Year after year, polling has shown that a strong majority of Marylanders support ending cannabis prohibition. I had reservations until 2020. In part, what convinced me was thinking about the thousands of Marylanders — disproportionately Black Marylanders — who are arrested and criminalized every year for possessing a substance that is safer than alcohol and that is now legal in 18 other states (including our neighbors in Virginia and D.C.).

Maryland is lagging on cannabis policy reform, and it is time that we move forward with equitable legalization.
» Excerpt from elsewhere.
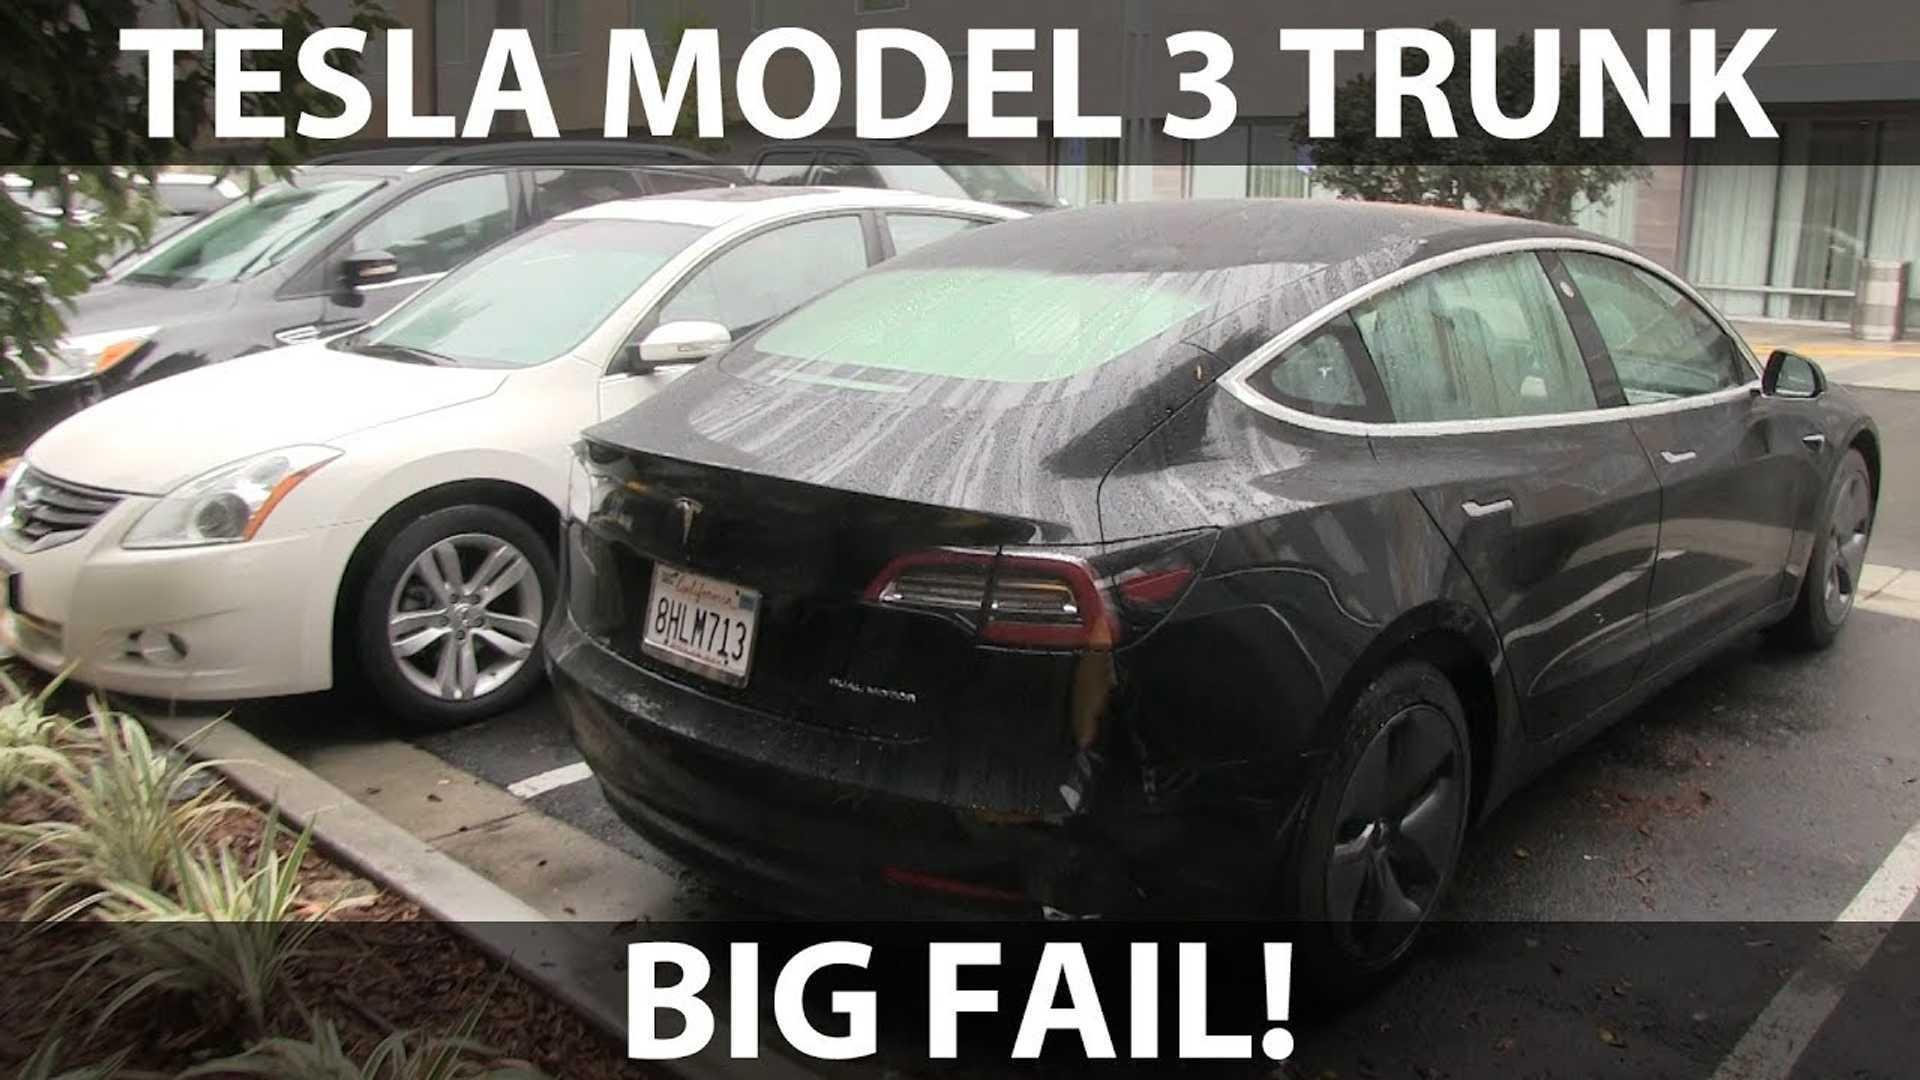 Opening Tesla Model 3 Trunk In Rain Is Not Advised Video

I cannot emphasize enough how urgent the need is to finally put an end to the war on cannabis in our state. Our current cannabis laws are harming our constituents, and they are not enforced equally. I applaud House Speaker Adrienne A. Jones (D-Baltimore County) and Senate President Bill Ferguson (D-Baltimore City) for their commitment to prioritizing cannabis legalization during our 2022 legislative session. It is encouraging to see our legislative leaders taking this issue seriously, and, as the chair of the Maryland Legislative Black Caucus, I stand by their commitment and will work to ensure we cross the finish line.
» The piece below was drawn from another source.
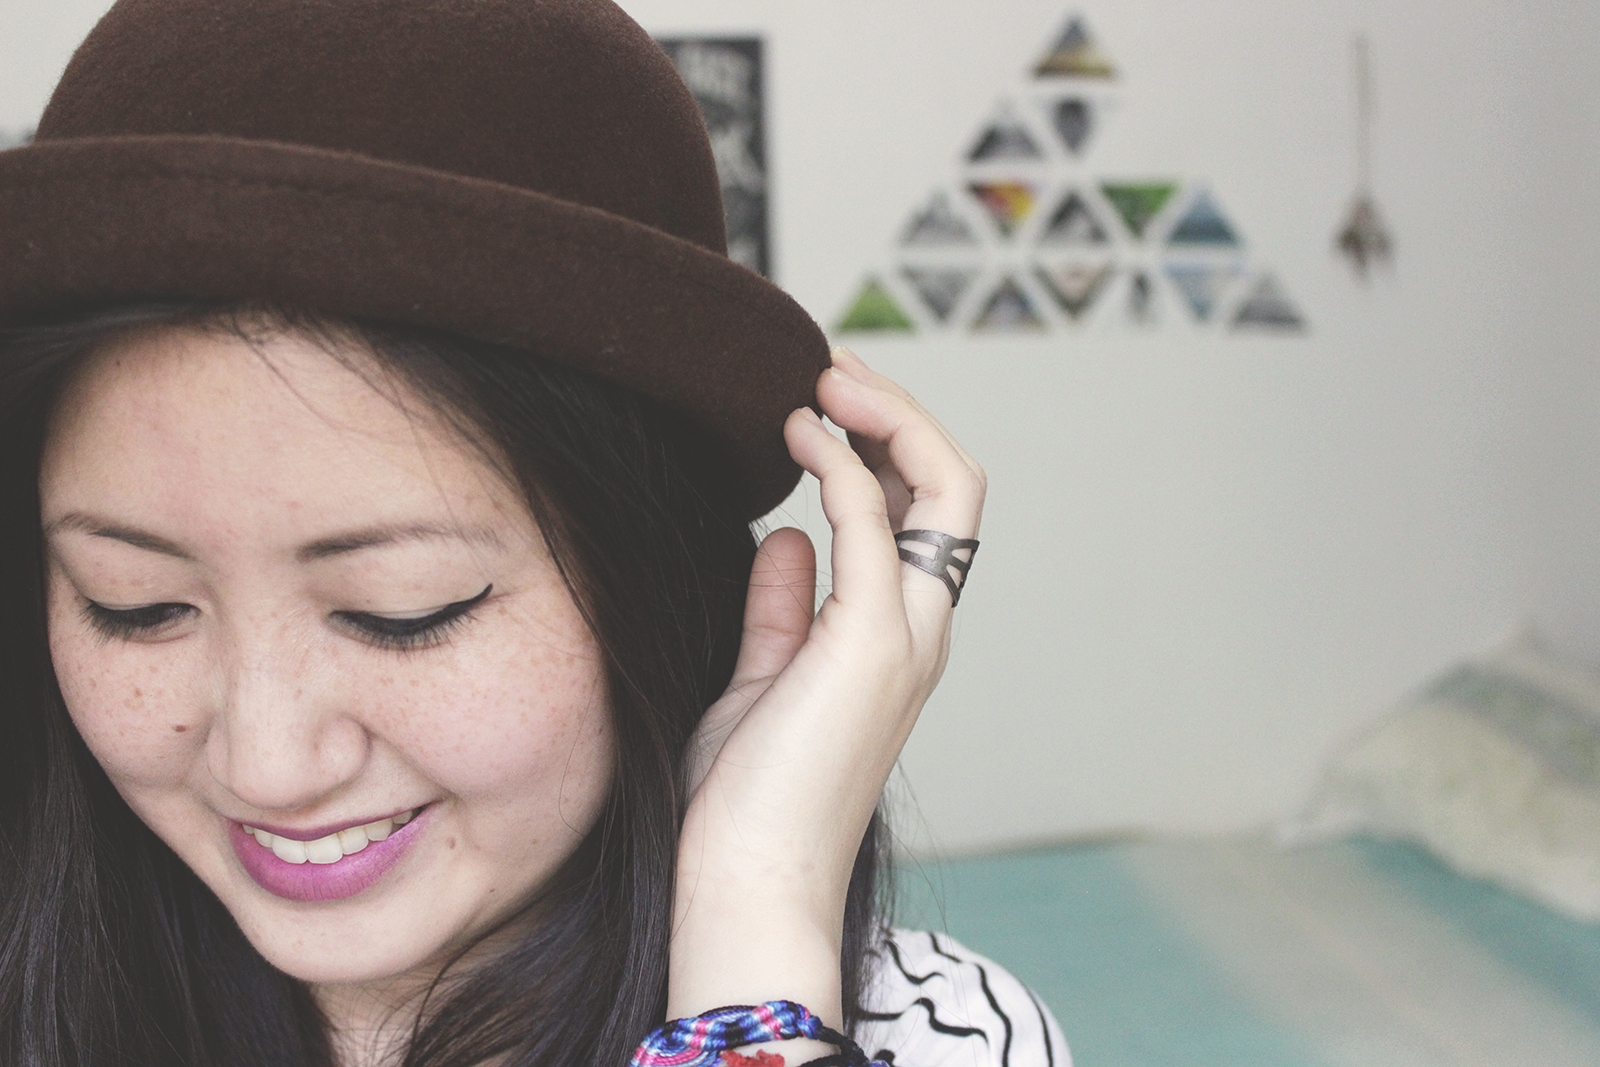 garota sorrindo chapéu redondo marrom

Given the opportunity, I firmly believe that our state would pass a legalization measure if it were up to the voters. We saw this happen in New Jersey. After failing to find enough common ground to pass a bill legislatively, New Jersey lawmakers opted to put a proposal to legalize cannabis before the voters. The measure was overwhelmingly approved, with 67 percent of voters in favor of legalization.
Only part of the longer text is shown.